PROBLEM DESCRIPTION :: Beginning with the line that contains "PCIE SSD M.2" and ending with the line that contains "Acetabulum of hip bone (#584)", reproduce the lines of the entries below exactly, omitting pictures.

THE INPUT ::
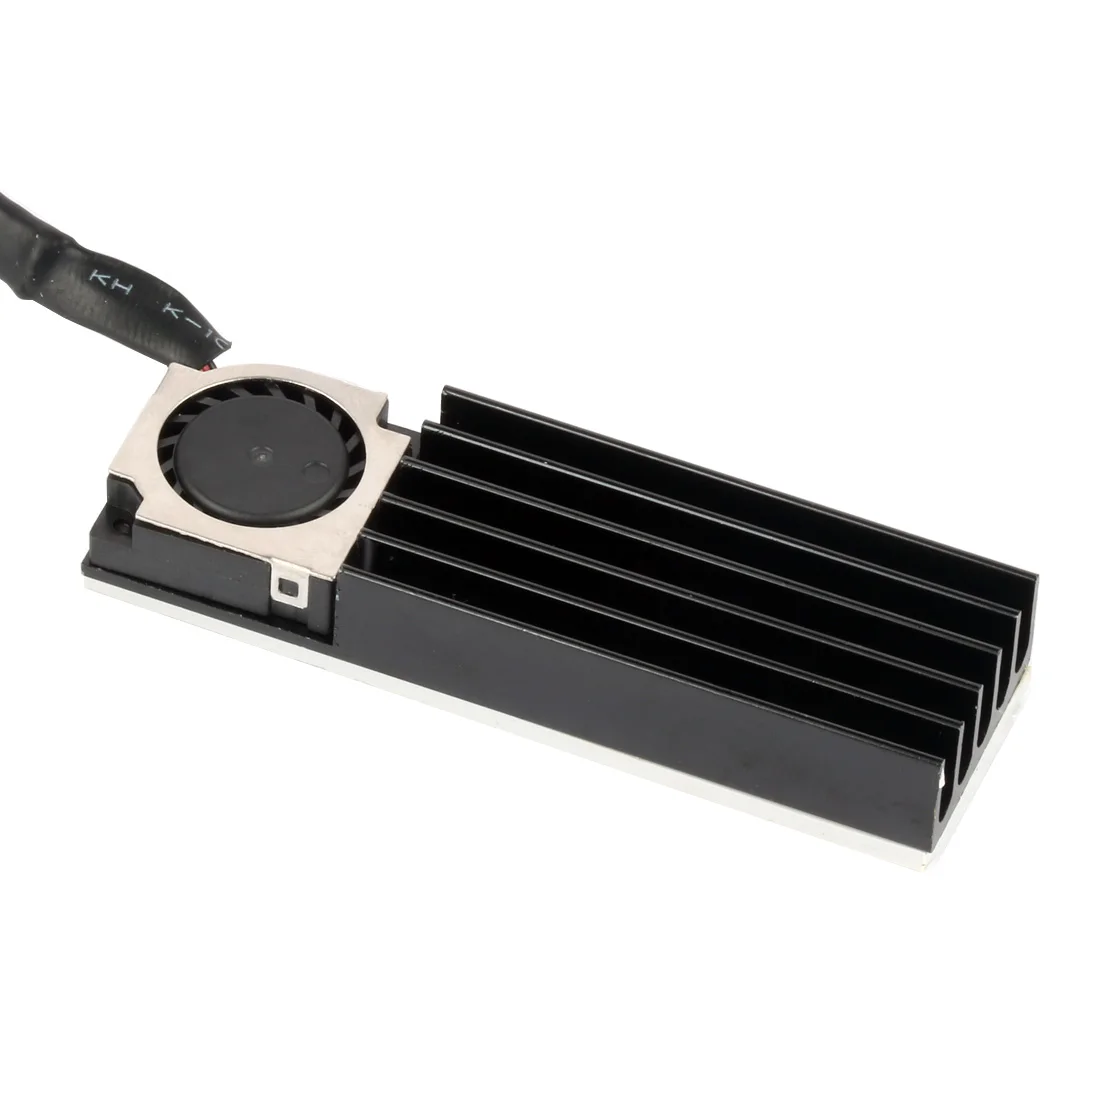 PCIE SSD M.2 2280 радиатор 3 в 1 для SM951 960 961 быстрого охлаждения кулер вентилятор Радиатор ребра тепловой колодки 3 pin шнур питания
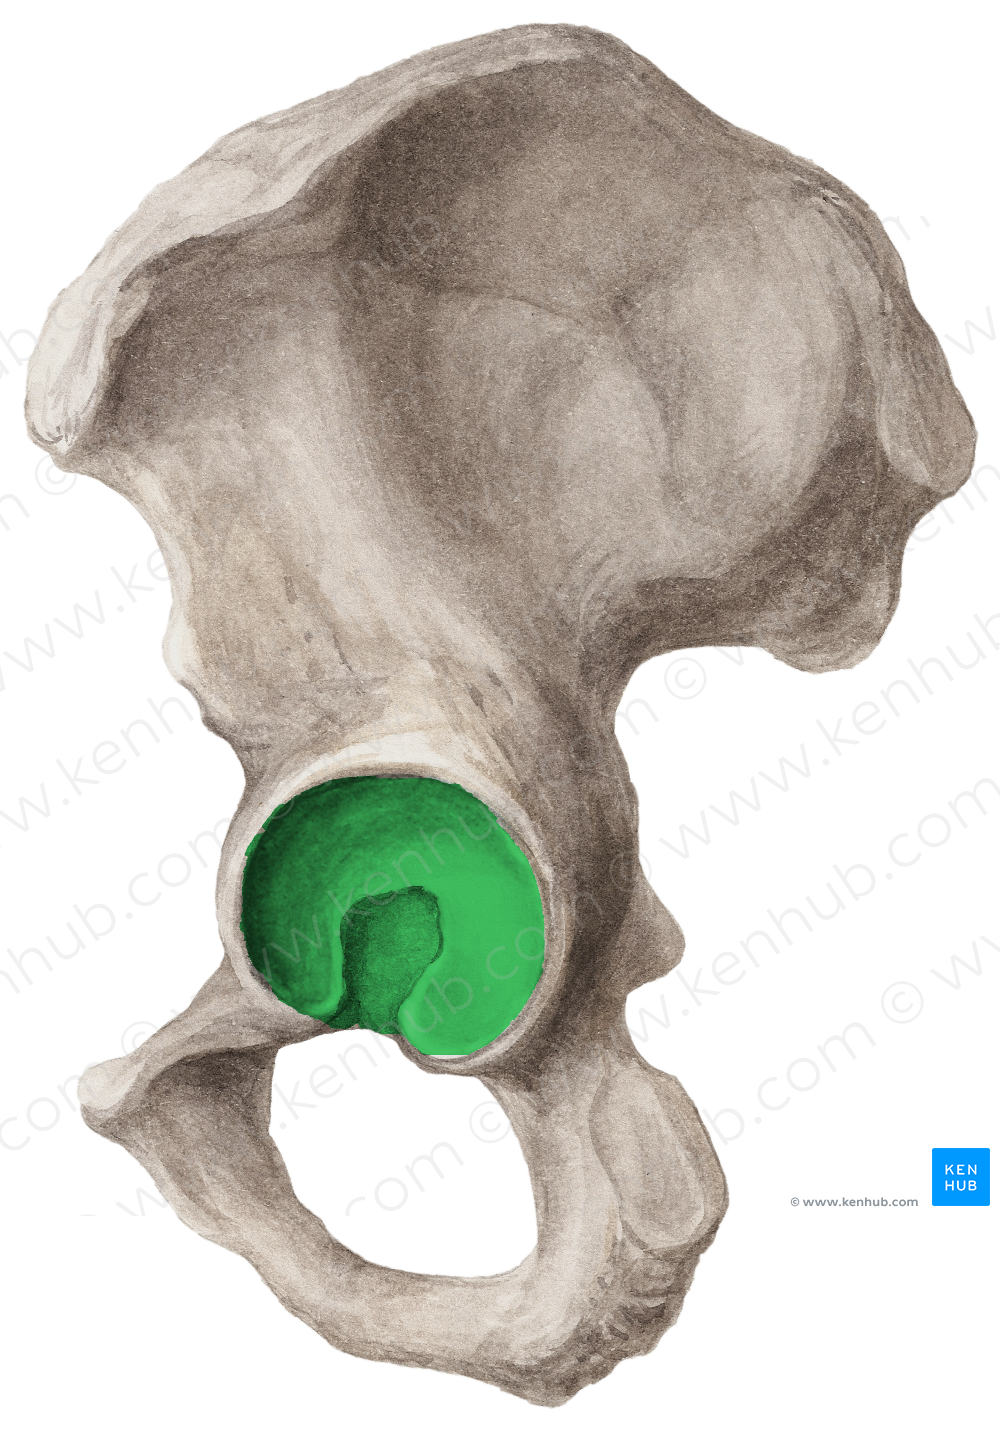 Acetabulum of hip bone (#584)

* * *

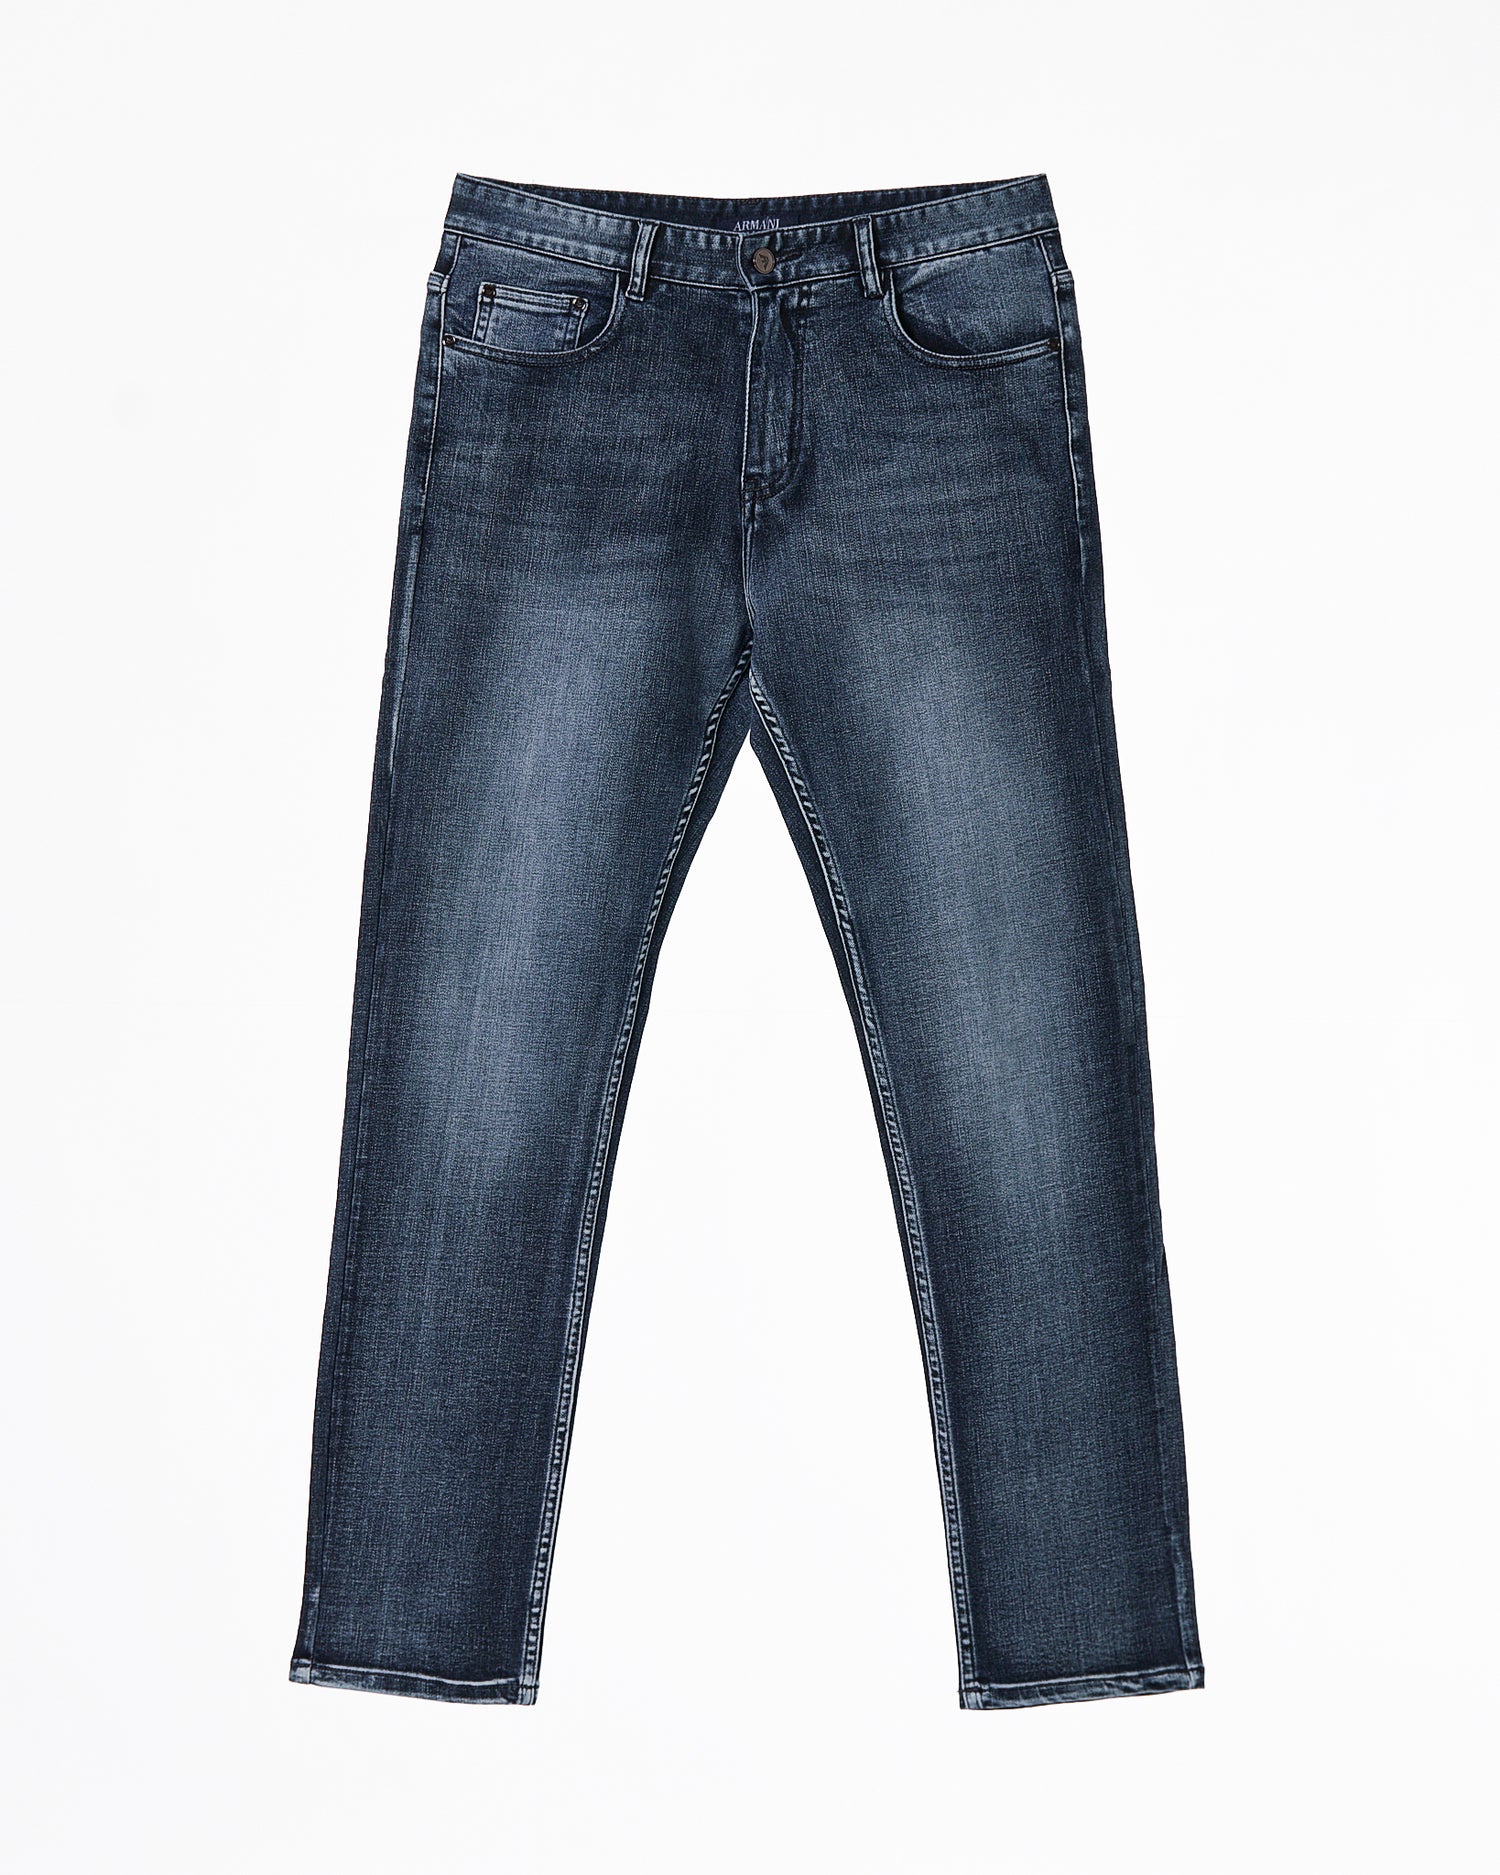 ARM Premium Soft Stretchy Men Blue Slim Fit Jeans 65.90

---

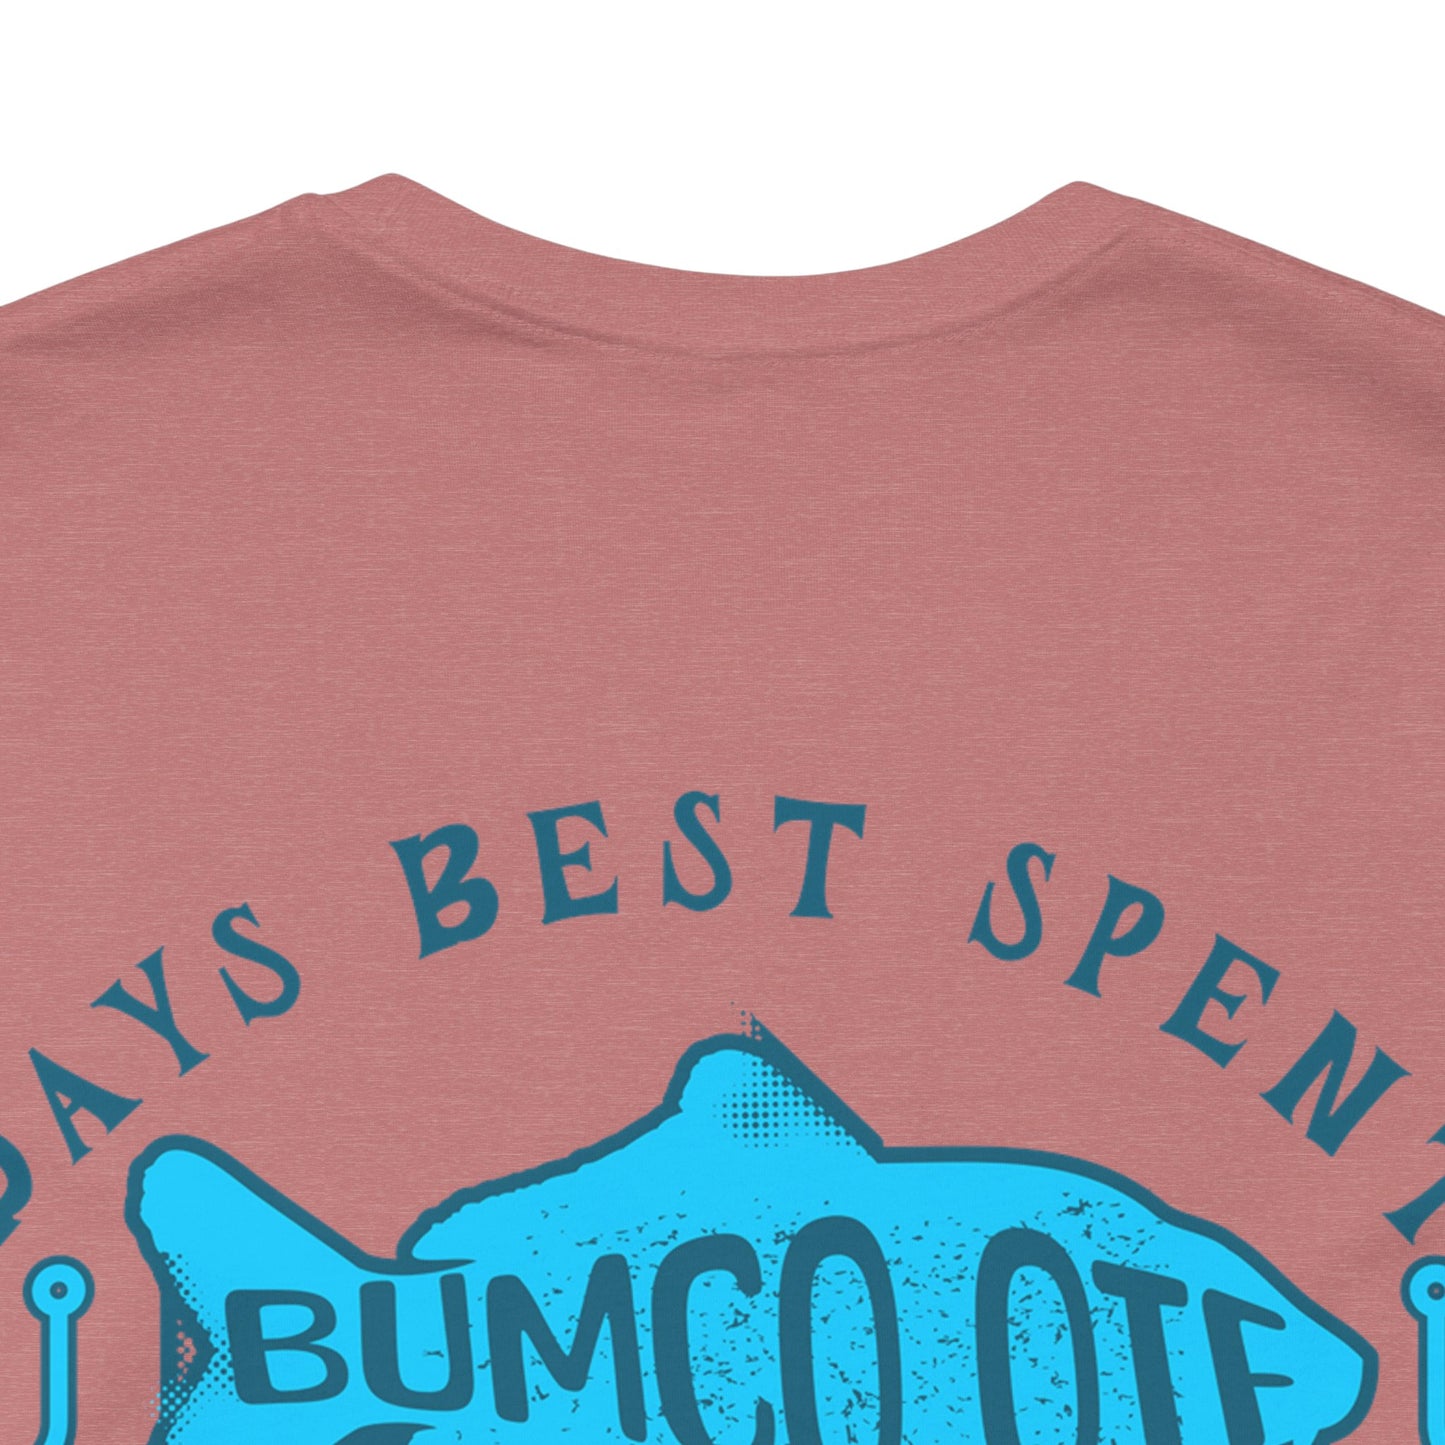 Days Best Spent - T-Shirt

THE COMPLETED TASK ::
 PCIE SSD M.2 2280 радиатор 3 в 1 для SM951 960 961 быстрого охлаждения кулер вентилятор Радиатор ребра тепловой колодки 3 pin шнур питания
 Acetabulum of hip bone (#584)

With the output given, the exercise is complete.